During nuclear explosion, one of the products is 90Sr with half-life of 28.1 years. If 1μg of 90Sr was absorbed in the bones of a newly born baby instead of calcium, how much of it will remain after 10 years and 60 years if it is not lost metabolically.
k = \(\frac{0.693}{t_{\frac{a}{2}}}\) = \(\frac{0.693}{28.1}\)year-1
Here,
It is know that,
t = \(\frac{2.303}{k}\)log \(\frac{[R]_0}{[R]}\)

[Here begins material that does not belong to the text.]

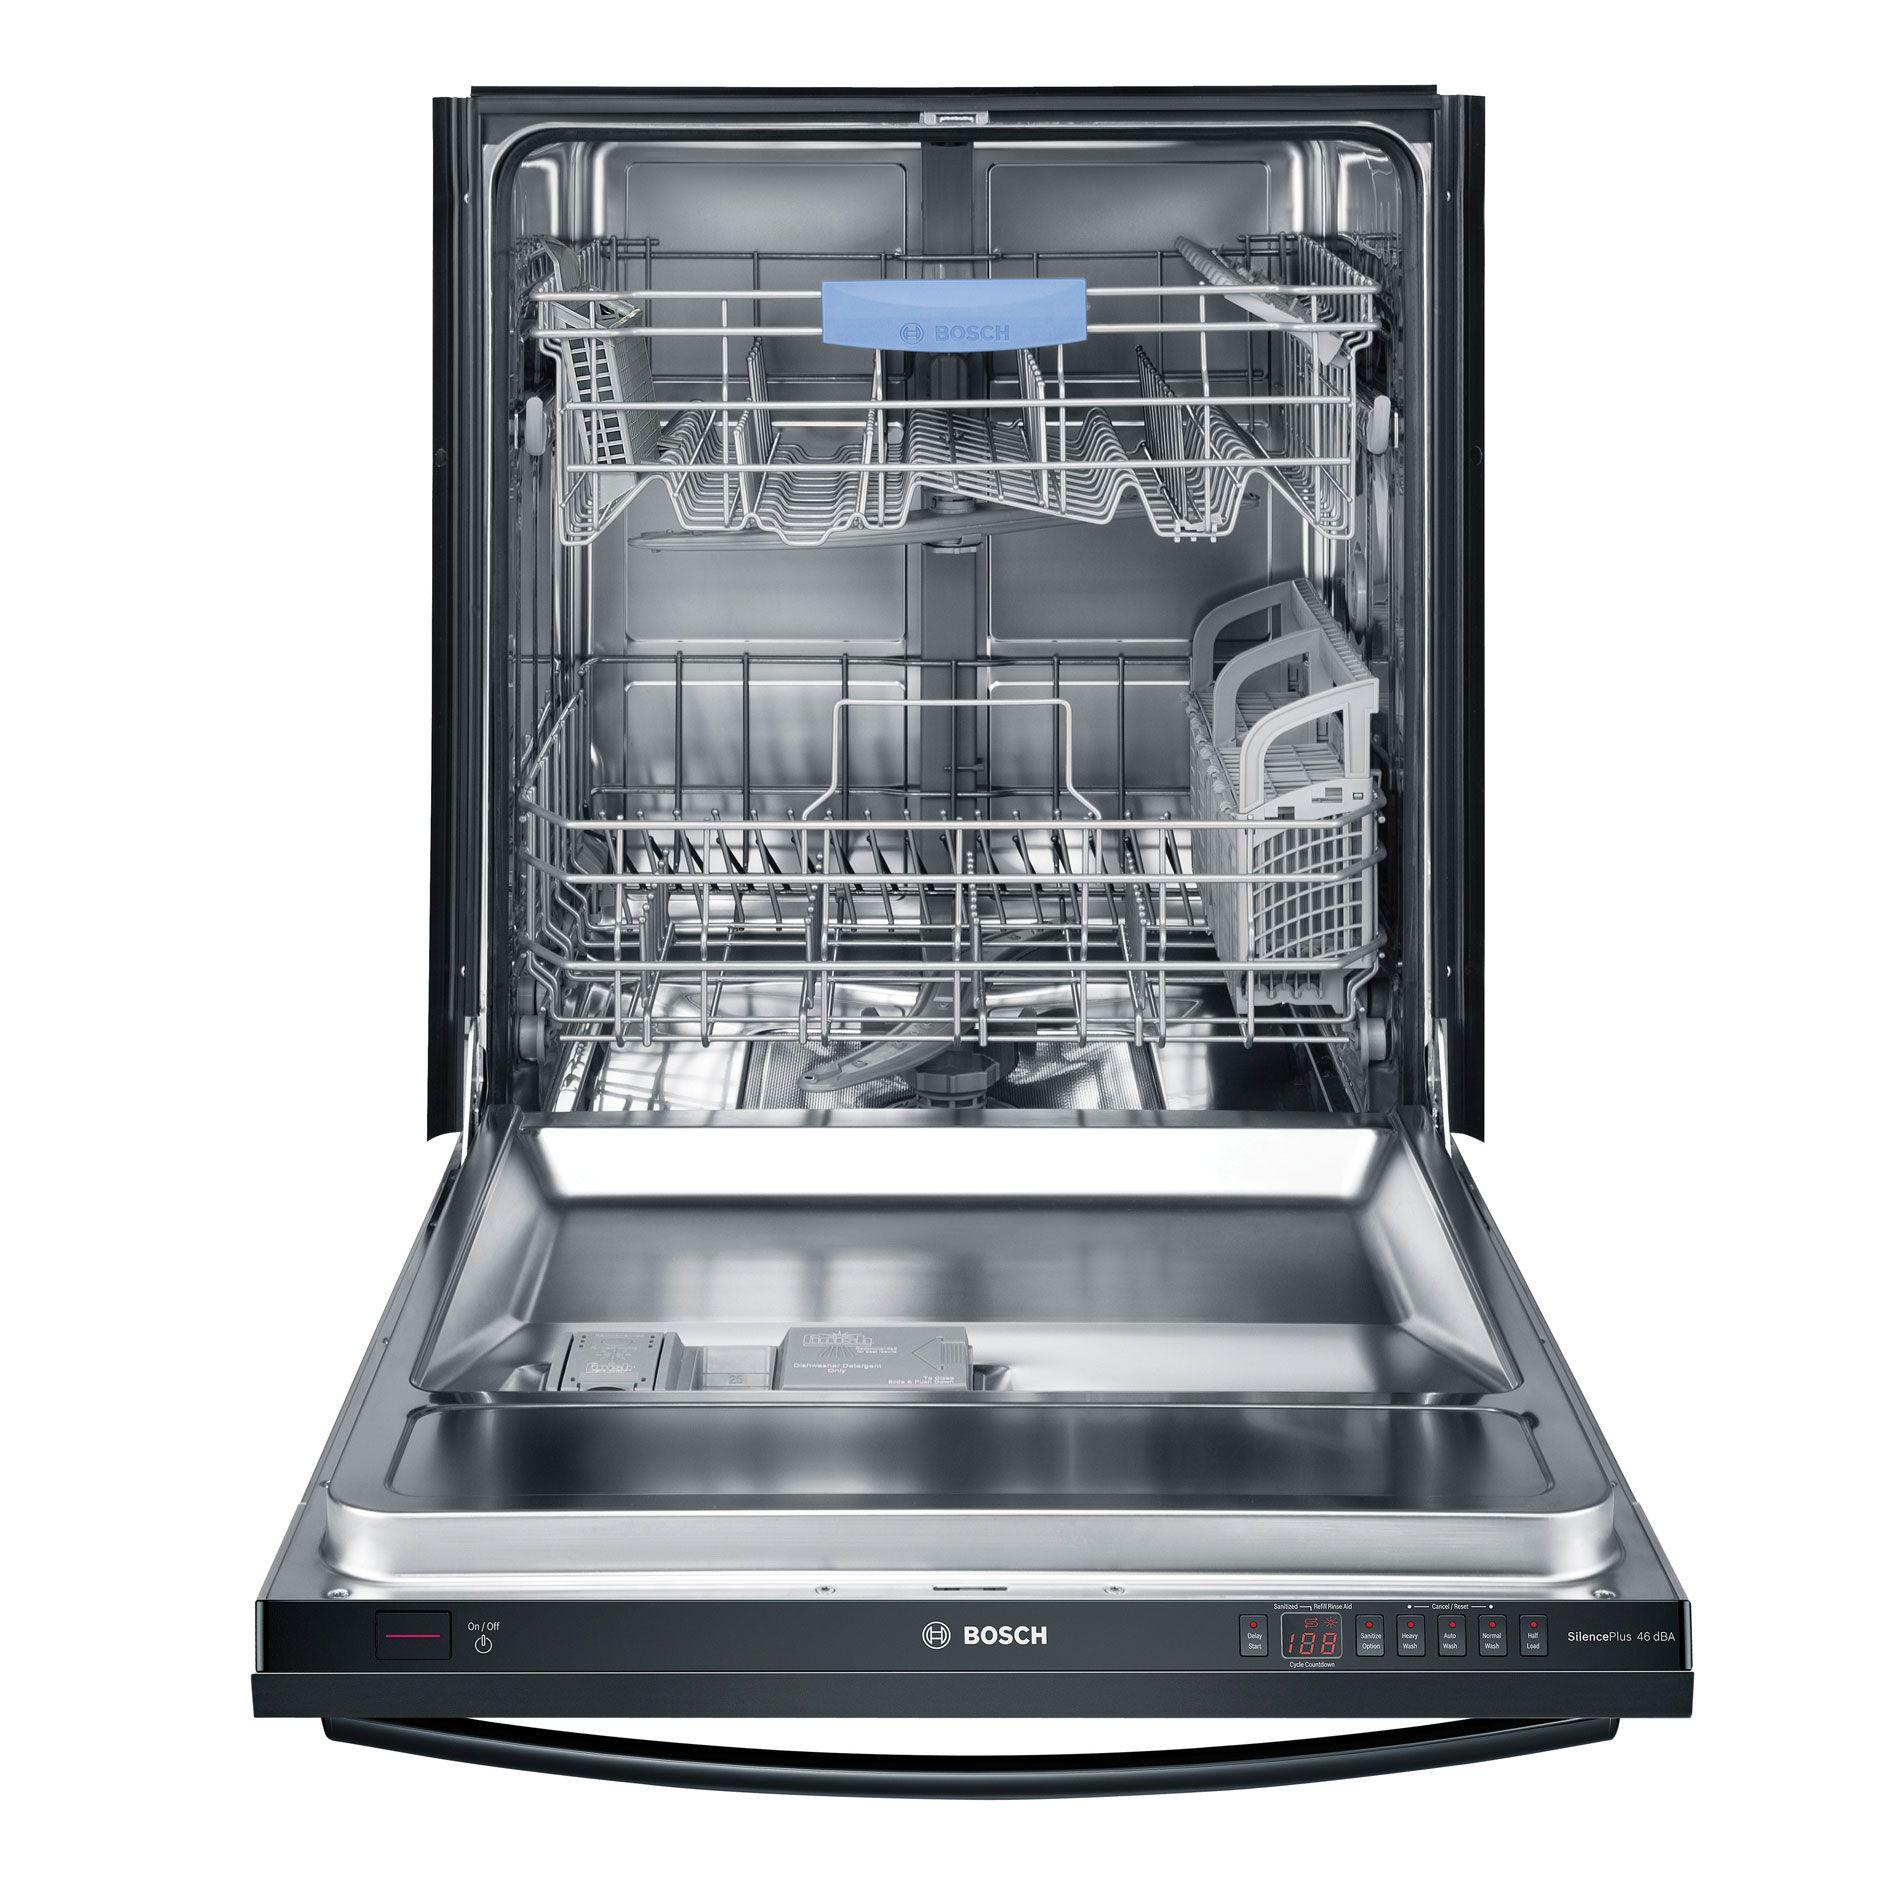 "Bosch 24"" Built-In Dishwasher Black"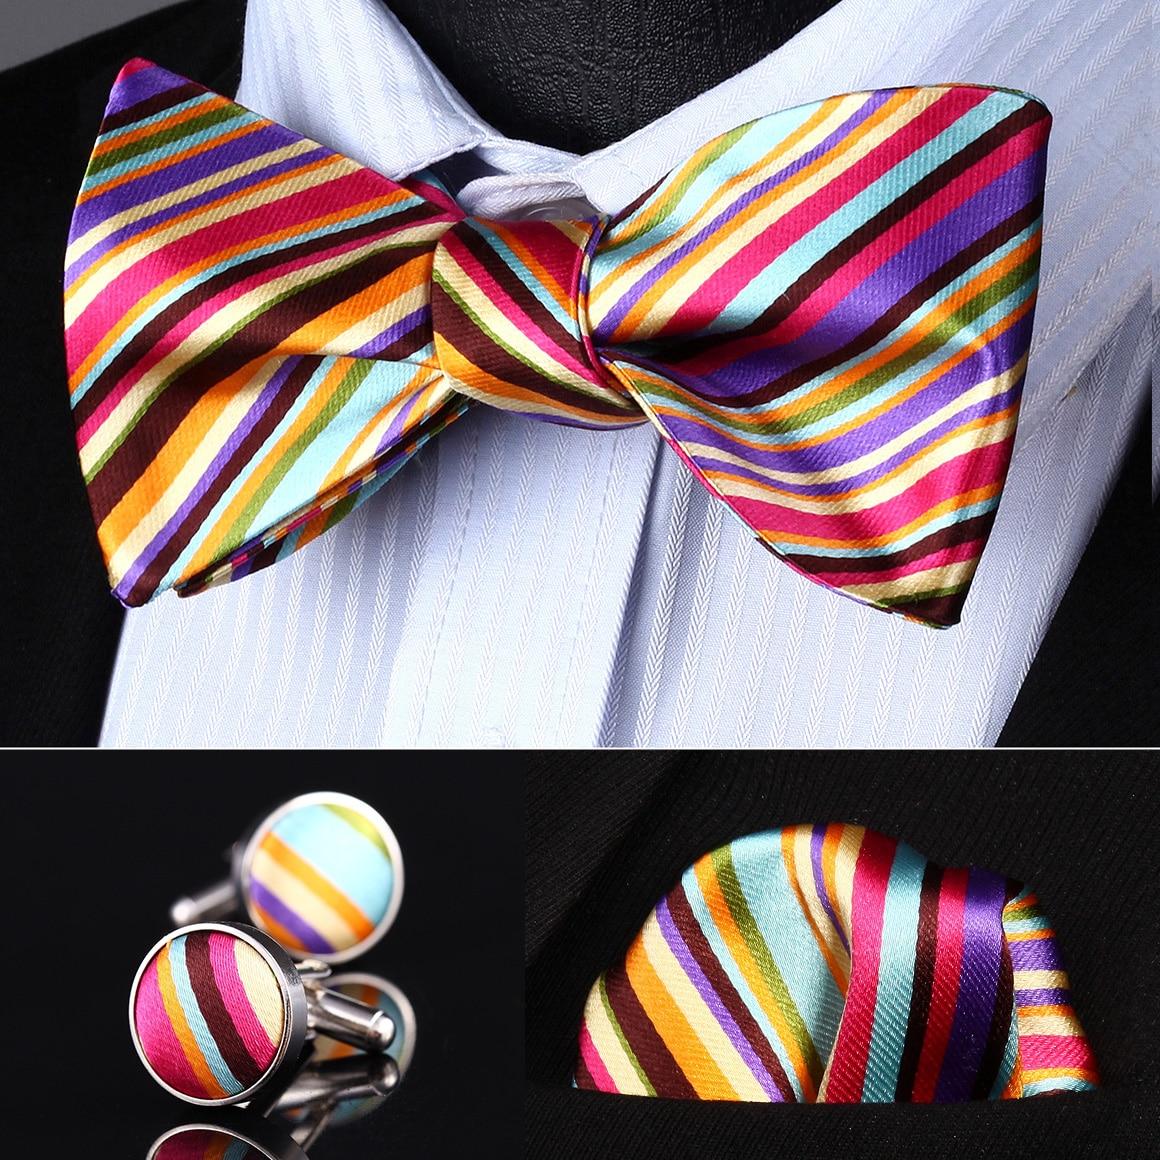 Pocket Square Classic Party Wedding BZS02N Orange Pink Striped Men Silk Self Bow Tie handkerchief Cufflinks set

⇒ 10 = \(\frac{2.303}{\frac{0.693}{28.1}}\)log \(\frac{1}{[R]}\)
⇒ 10 = \(\frac{2.303}{\frac{0.693}{28.1}}\)(-log [R])
⇒ log [R] = -\(\frac{10 \times 0.693}{2.303 \times 28.1}\)
⇒ [R] = antilog (-0.1071)
= antilog \((\bar{1}.8929)\)
= 0.7814 μg
Therefore, 0.7814 μg of 90Sr will remain after 10 years.
Again,
t = \(\frac{2.303}{k}\)log \(\frac{[R]_0}{[R]}\)
⇒ 60 = \(\frac{2.303}{\frac{0.693}{28.1}}\)log \(\frac{1}{[R]}\)
⇒ log [R] = -\(\frac{60 \times 0.693}{2.303 \times 28.1}\)
⇒ [R] = antilog (-0.6425)
= antilog \((\bar{1}.3575)\)
= 0.2278 μg
Therefore, 0.2278 μg of 90Sr will remain after 60 years.